3. Blog comments can be done but you need to be extra cautious
4. Guest post is the only valid way to build links, but don't overstress on using particular keyword, i would recommend to use your domain name as keyword
5. Social media can also be used.
|They could be consider as natural links? |
I would not consider that natural. A natural link is generally consider as a link given freely by one site to another. A blog comment link is a link given by the beneficiary to themselves from someone else's site. Not natural.
[edited by: martinibuster at 3:57 pm (utc) on Sep 29, 2012]
Social bookmarking and creating web 2.0 backlinks, e.g. wordpress.org, blog.com are good for a 2 month old site?

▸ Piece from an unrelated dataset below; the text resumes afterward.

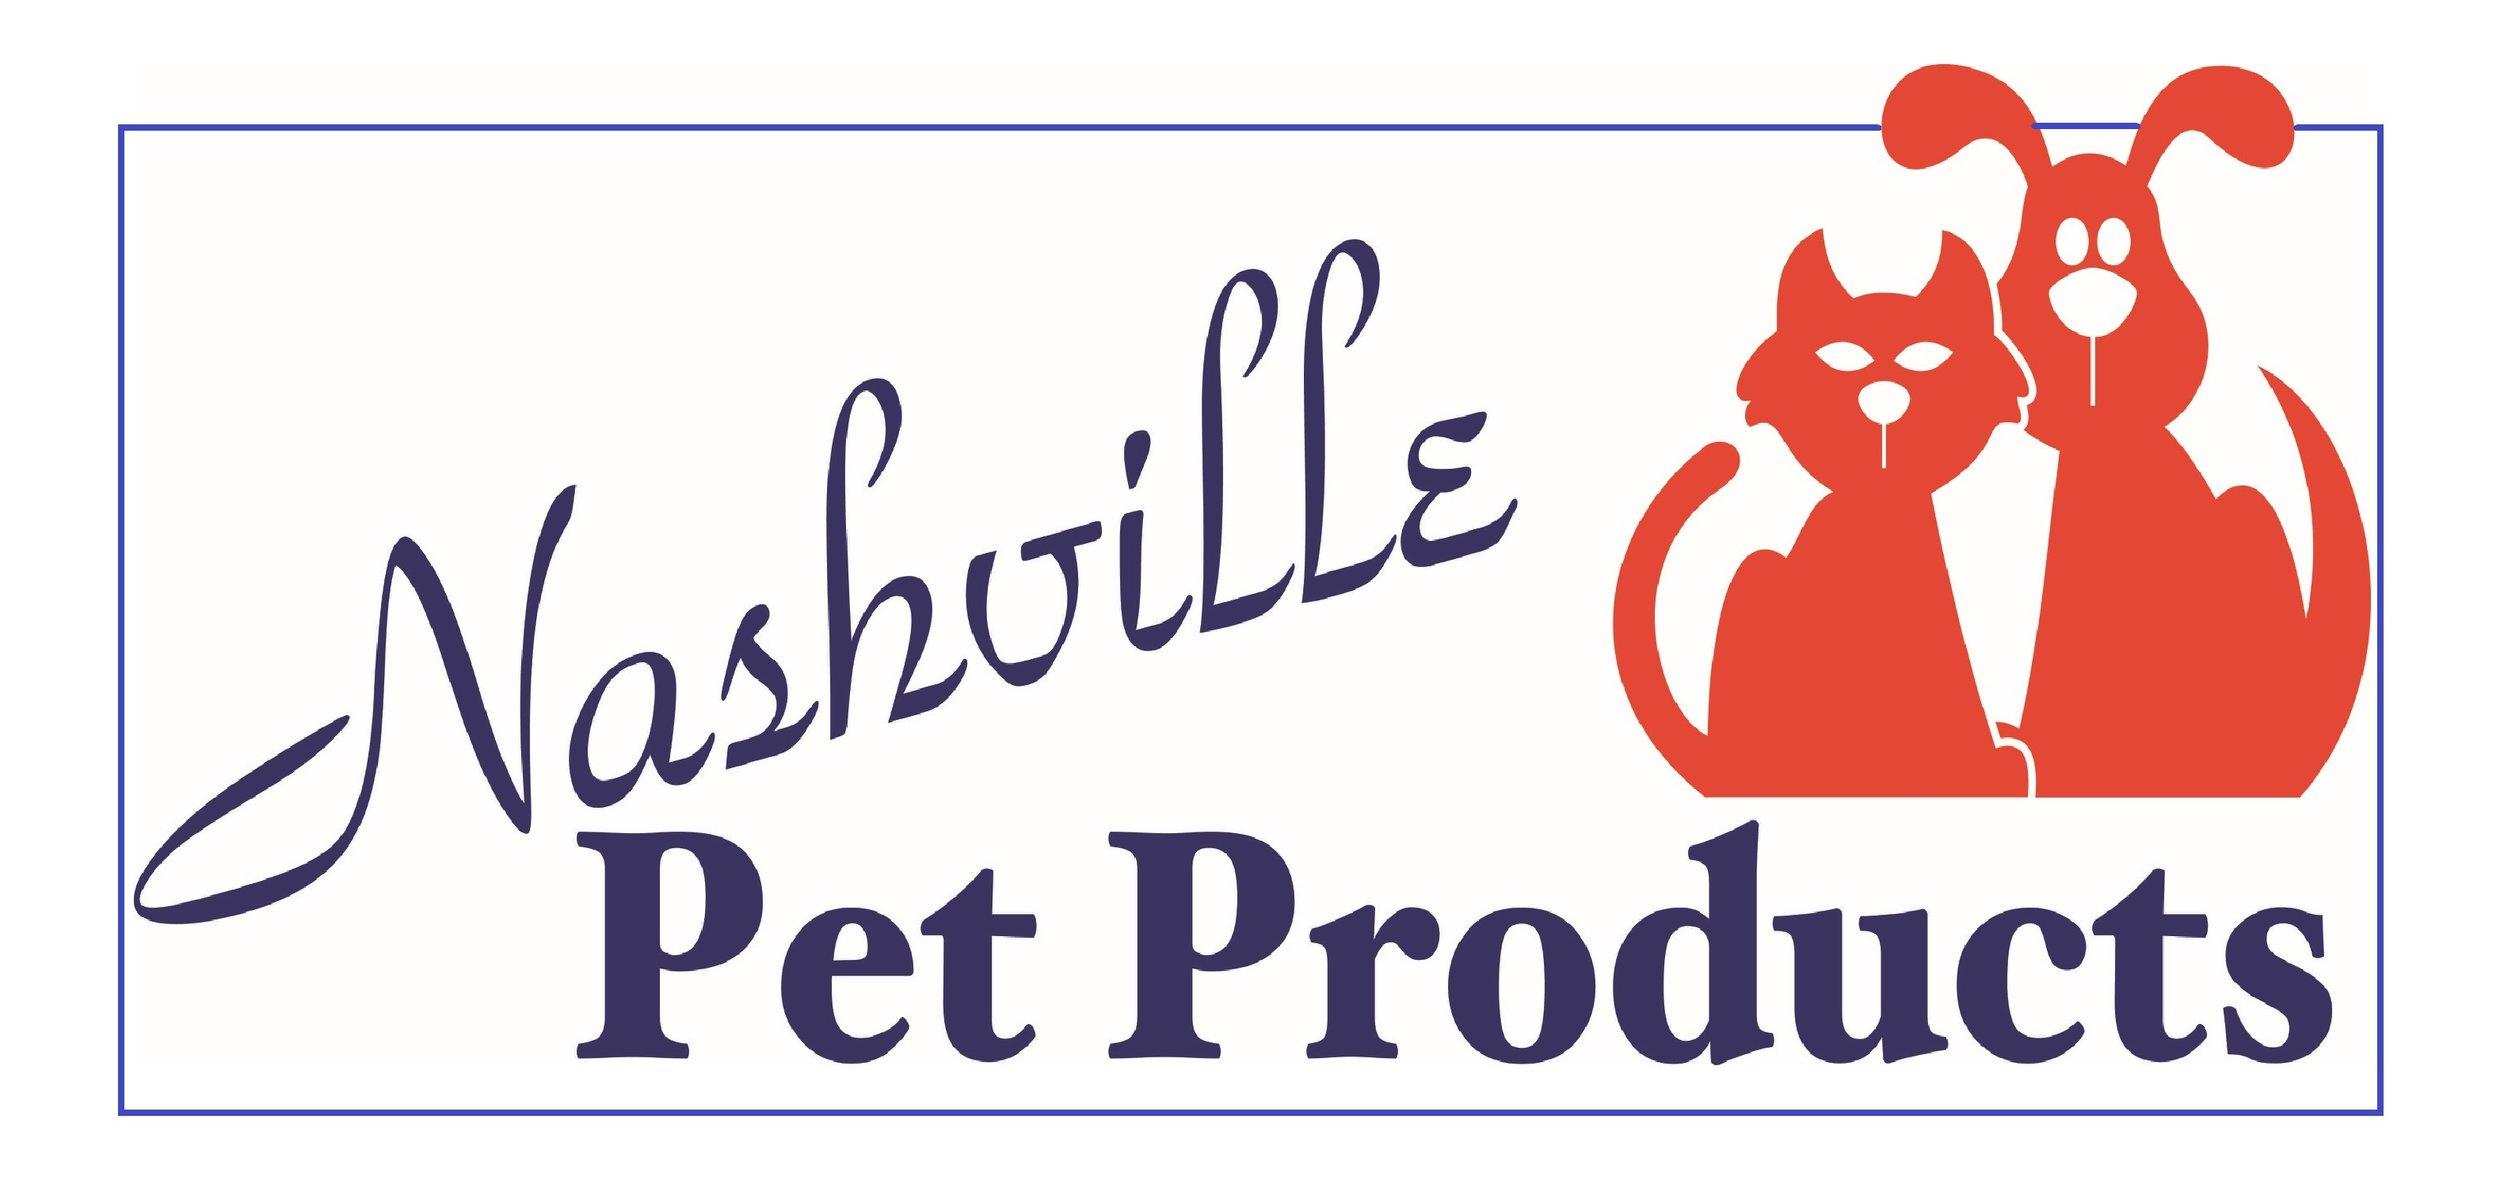 Nashville Pet Products.jpg

|1. Reciprocal Link is not a natural link campaigning |
Reciprocal linking as the sole-component of a link building effort has been out for many years now. However it's not a good idea to dismiss reciprocal linking completely.
There is an editorial decision to grant a link. That editorial decision, the conscious decision to create a link is a feature of a natural link. Done in low levels there is nothing wrong with reciprocal linking. That's been the case for many years.
Update on my linking building efforts on a 4 year old domain since my post. Thank you all for your valuable guidance which I did follow and did pay off.
Site went from a pr3 - pr5.
- Guest posting on relevant sites was one of my main tactics.
- Reciprocal links - found it to be to much work.
- Blog Rolls - Didn't take a chance and found prices way to high. But I may consider this in the future.
- Blog comments - small focus and all done manually
- Wide range of keywords - Covered 20 keyword phrases and attached lots of noise around them.
- No bulk purchased links - Only purchased a few high quality and highly targeted links. Receiving steady traffic from those links. They were costly but delivering.
- Another huge focus was on high quality content. All unique content of value to prospective clients, along with photo galleries and text.
I guess I will keep going with the above.
Sorry, think it was a pr4 to pr5. Don't really watch pr anymore.
Congrats, glad it worked out for you.
|Reciprocal links - found it to be to much work. |
Usually I only do recips when during the course of a link-beg campaign someone with quality content and backlinks (regardless of PR) requests a link back. I don't do recip campaigns, I stopped in 2003.
|Blog Rolls - Didn't take a chance and found prices way to high. But I may consider this in the future. |
In light of recent developments, something to consider is that your linking patterns may be lumped together with the others who are on the same pages with your link. If they receive an unnatural links warning and do a reconsideration request naming names of where they paid for links, then the page you're on might get burned, along with your link.
So then are all paid links a gamble including blog rolls, sponsored links and guest posts? Plus, change your link patterns as much as possible.
The information you all provide is so valuable, saves a huge amount of time and helps to eliminate the guess work.
Many Thanks Everyone.
If you think about it, the only links that are natural are those not asked for and anything else is not natural because you are doing it to rank higher. Think of your link building plan as marketing rather than building links to rank higher. For example, if you post articles in niche article directories, do so to get people hooked to your site and not for the purpose of a cheap link back to your site that invariably people do (in the resource box). This way you will eliminate lot of the bad practices in linkbuidling campaigns. Most importantly, though, write content that you yourself wouldn't mind linking to if it appeared on someone else's site. In other words, top notch content.
zakamichi (4455584) you nailed it on the head here.